The questions will cover a range of topics related to crypto companies in the US, such as: B. Views on how regulation can improve competitiveness and what barriers business owners are currently facing. It will also cover digital asset mining, likely related to Bitcoin and Ethereum. One asks:

“What, if any, is the future role of digital asset mining in the US digital assets sector? How can the US government and US companies drive competitive, sustainable (for the environment and energy use) development of digital assets?”

The US is currently the top bitcoin mining country, producing 37.84% of the world’s hash power as of January, according to the Cambridge Bitcoin Electricity Consumption Index. Judging by this metric, it appears that there are many companies who believe in the future of digital asset mining.

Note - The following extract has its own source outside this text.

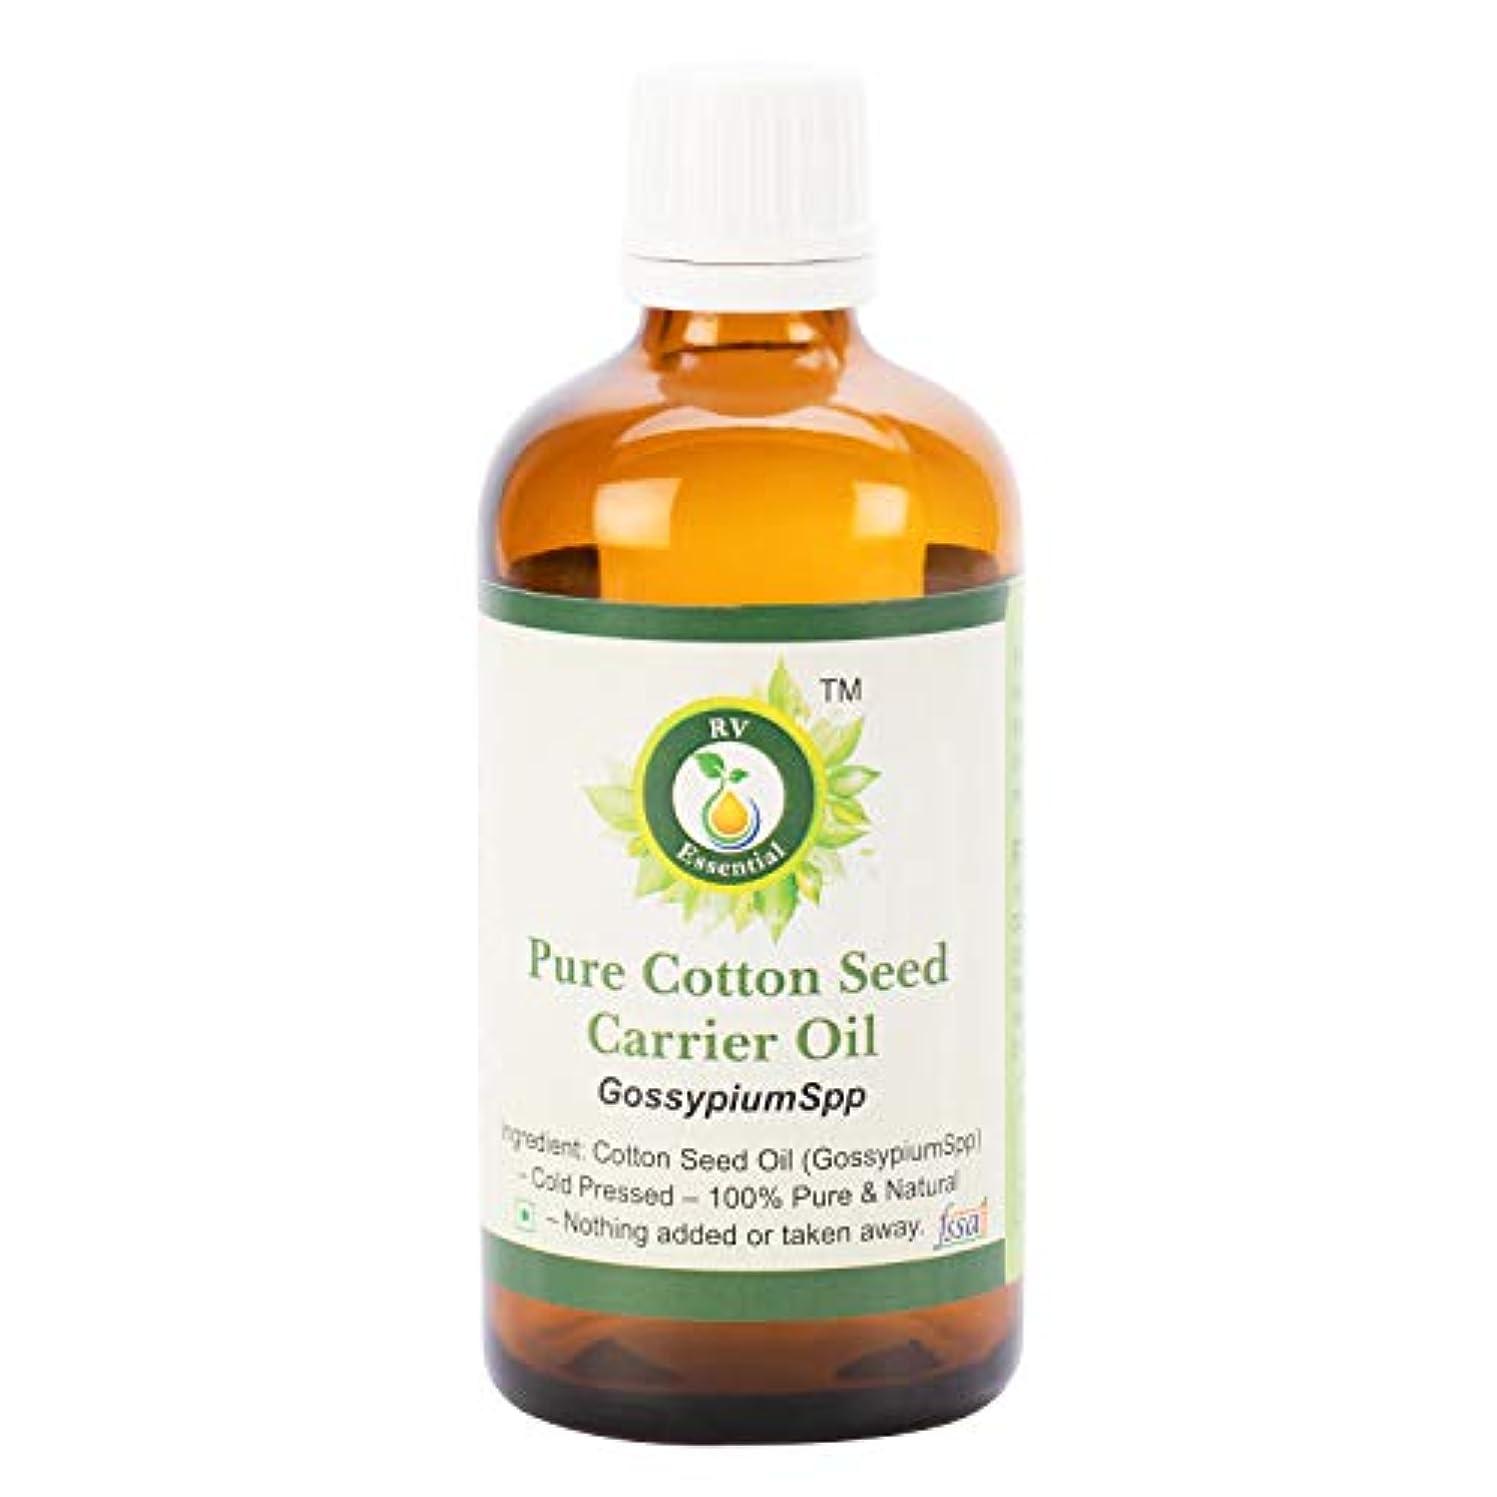 モードリン詳細な失業者R V Essential 純粋な綿の種子キャリアオイル10ml (0.338oz)- Gossypium Spp (100%ピュア&ナチュラルコールドPressed) Pure Cotton Seed Carrier...

Among these miners, there is a growing demand for sustainable energy sources and carbon neutrality. Investors like Kevin O’Leary, who are driving demand for sustainable mining, told Cointelegraph on May 10 that the crypto industry is “at an interesting tipping point” when it comes to environmental awareness.

Although the Federal Reserve Board reiterated in its May 9 financial stability report that it currently has no plans to develop a central bank digital currency (CBDC), one of the DoC’s questions will ask about the potential impact of a CBDC on business.

The DoC will also ask if digital assets can help unbanked Americans access the financial tools they may need but can’t get through traditional means. Banking the Unbanked has long been a use case that crypto industry insiders tout as a natural fit for the technology.

“What role can the federal government and the digital asset sector play to ensure underserved Americans can benefit from the increased commercial availability of digital assets?”

The request for public comment will inform the DoC’s deliberations on creating the framework for an American regulatory framework for the digital asset business. This early, open approach to the Department of Defense effort echoes Secretary of Commerce Gina Raimondo’s March 9 statement in response to President Biden’s executive order. She said her department will promote “the resilience of the US financial system” by working with partners in the digital asset industry to “mitigate the risks to the businesses and individuals that depend on them.”

Related: US authorities warn of influx of North Koreans into IT and crypto jobs online

If the questions are published as expected on May 19th, comments will be accepted until July 5th and can be sent to digitalassets@trade.gov.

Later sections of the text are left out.